The purpose of this project is to gather data from online taxi cab and transportation network company, in our case Uber, from various sources, enrich the collected data and deliver it to Data Science team for further analytics.
Technologies used:
- Programing language: Scala
- Processing framework: Spark, Spark Streaming
- Queuing technology: Kafka
- Database technology: MySQL.
Database tables:
driver (id BIGINT, date_created TIMESTAMP, name CHARACTER VARYING(255))
passenger (id BIGINT, date_created TIMESTAMP, name CHARACTER VARYING(255))

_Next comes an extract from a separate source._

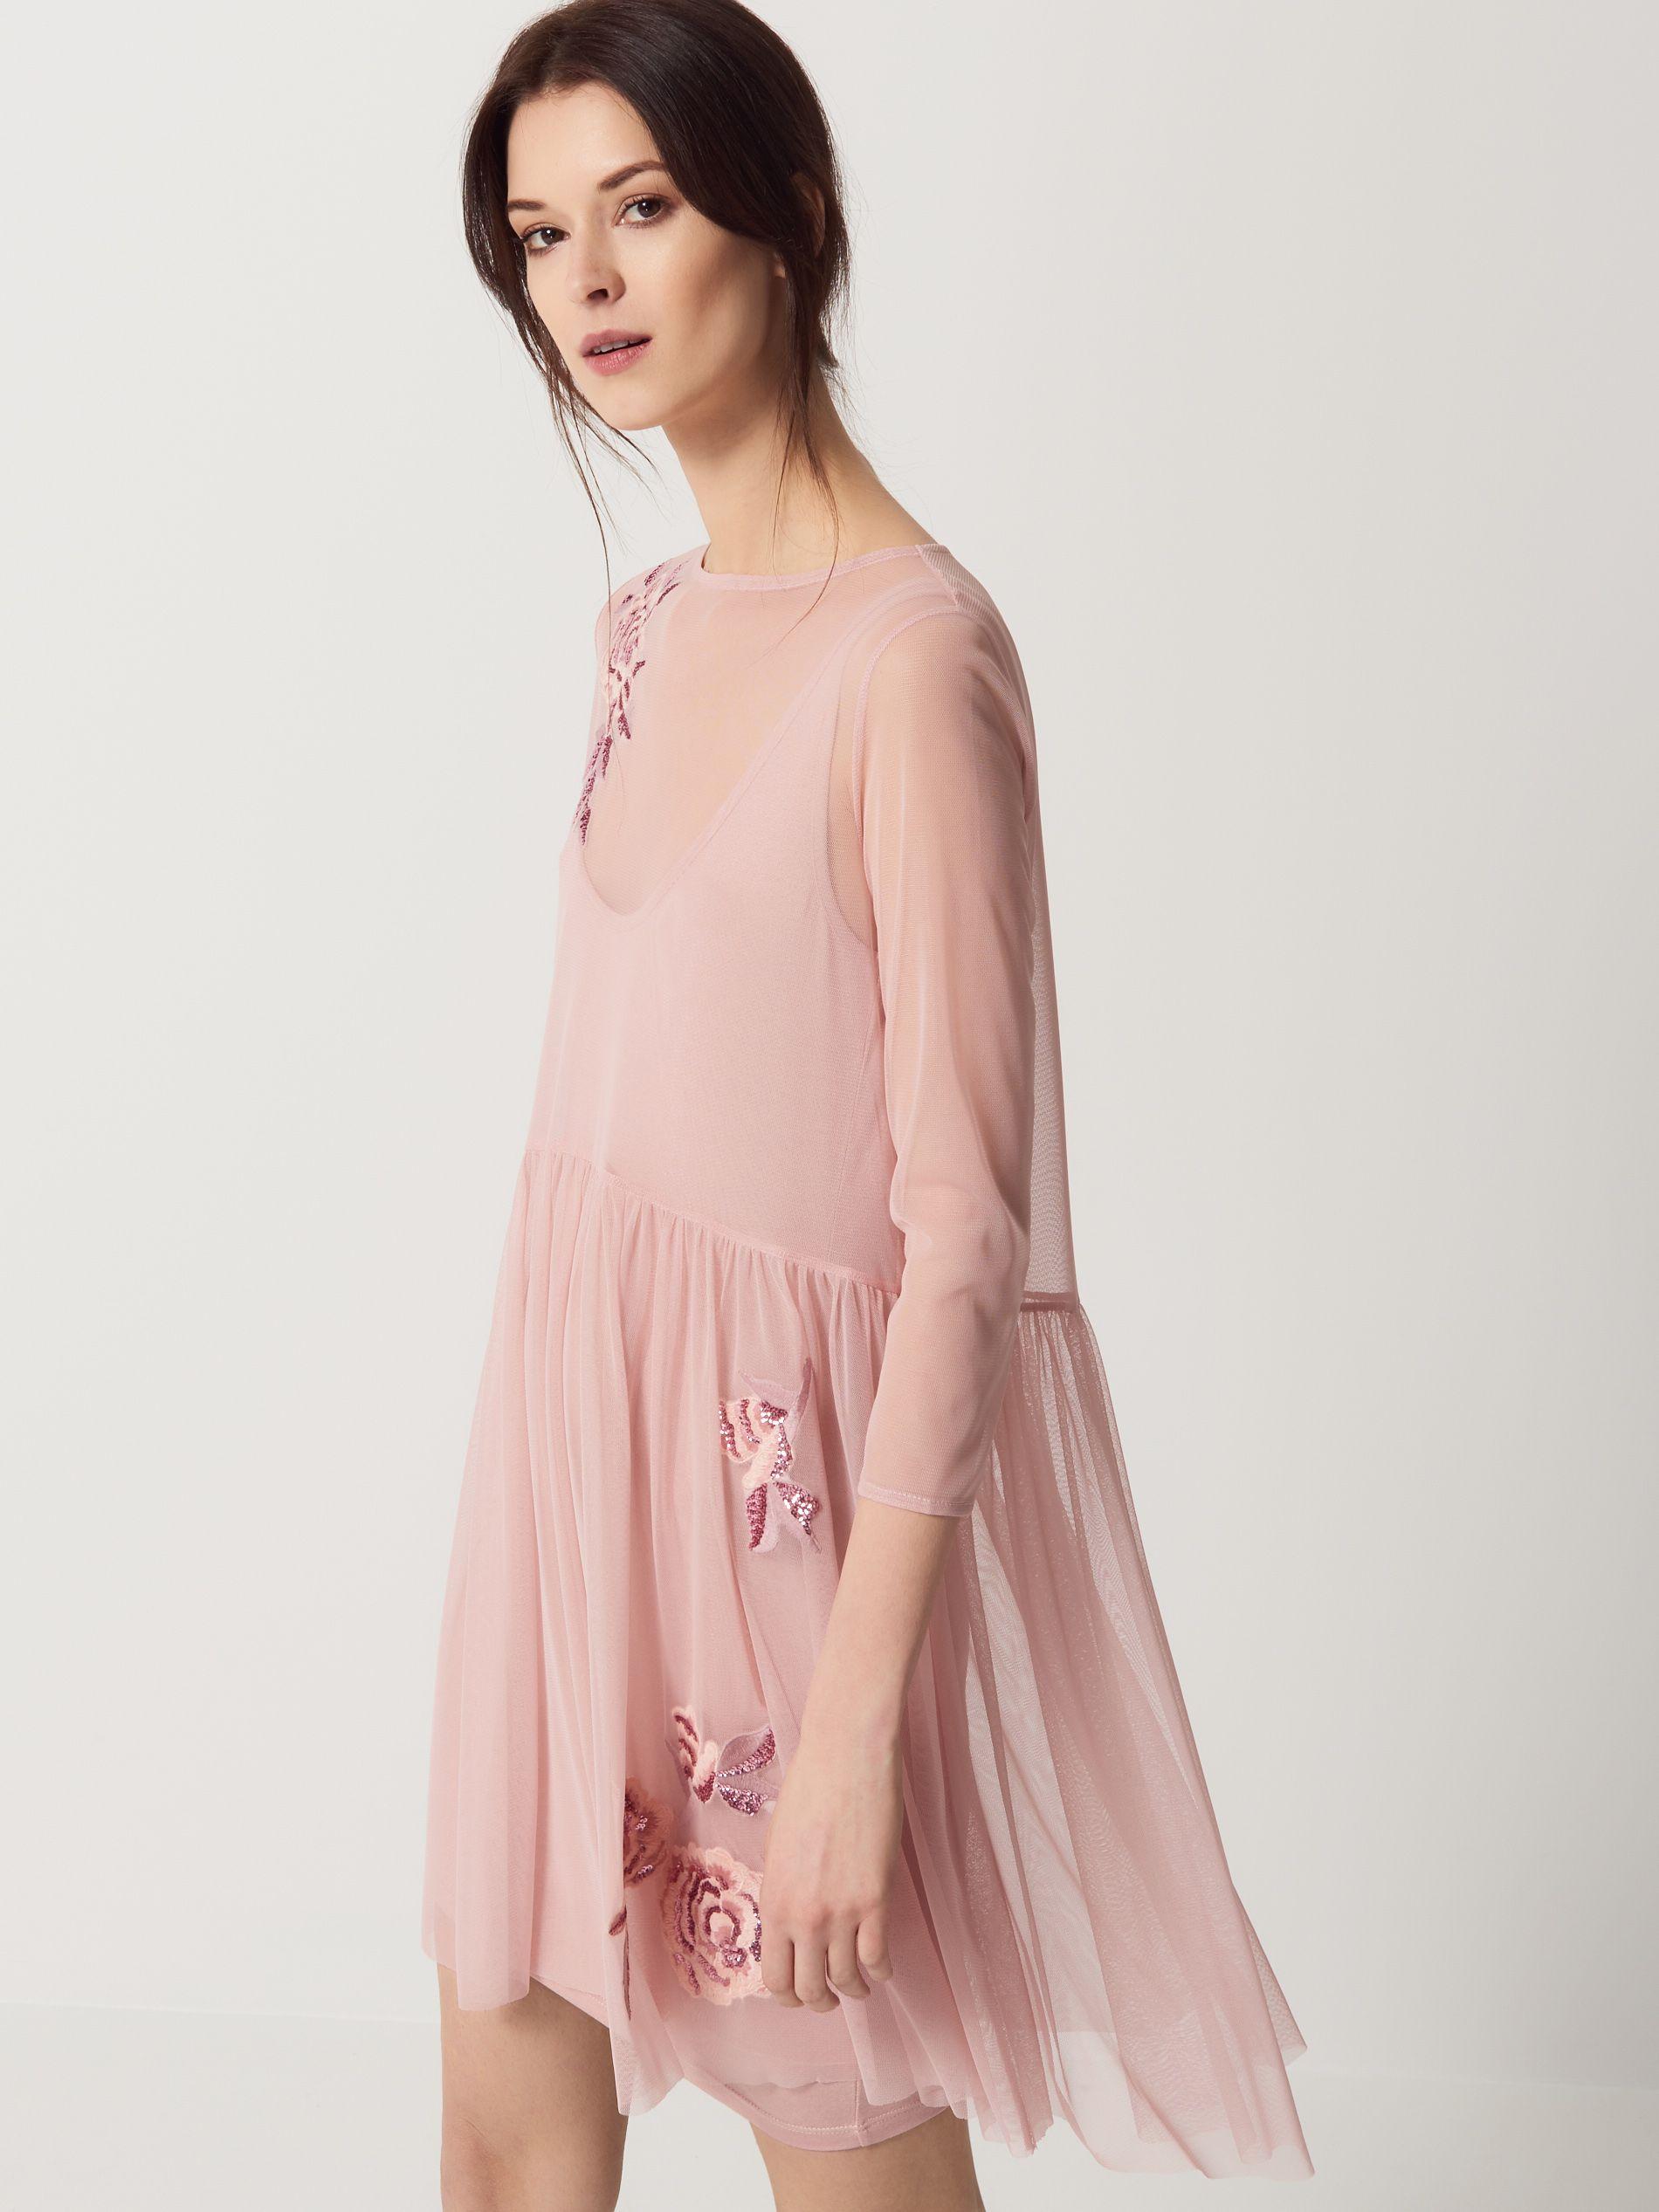 LADIES` DRESS, ROCHII, roz, MOHITO   Pretty dresses   Pinterest

booking ( id BIGINT, date_created TIMESTAMP, id_driver BIGINT, id_passenger BIGINT, rating INT, start_date TIMESTAMP, end_date TIMESTAMP, tour_value BIGINT)
Analysis Performed:
Create a report listing the TOP 12 drivers from 2016. Drivers with a high tour value and a good average rating.
Show relationships between drivers and passengers. In order to know how successful UBER is at creating a good passenger driver relationship, provide a list of the
TOP 10 strongest relationships between passengers and drivers. This relationship is defined by the number of tours they did together.
Show overall performance of the company.
Provide a KPI report containing the yearly figures for bookings, the average driver evaulation and revenue for specified year.
Setup your own Kafka Broker locally and publish the results of above analysis to different kafka topics.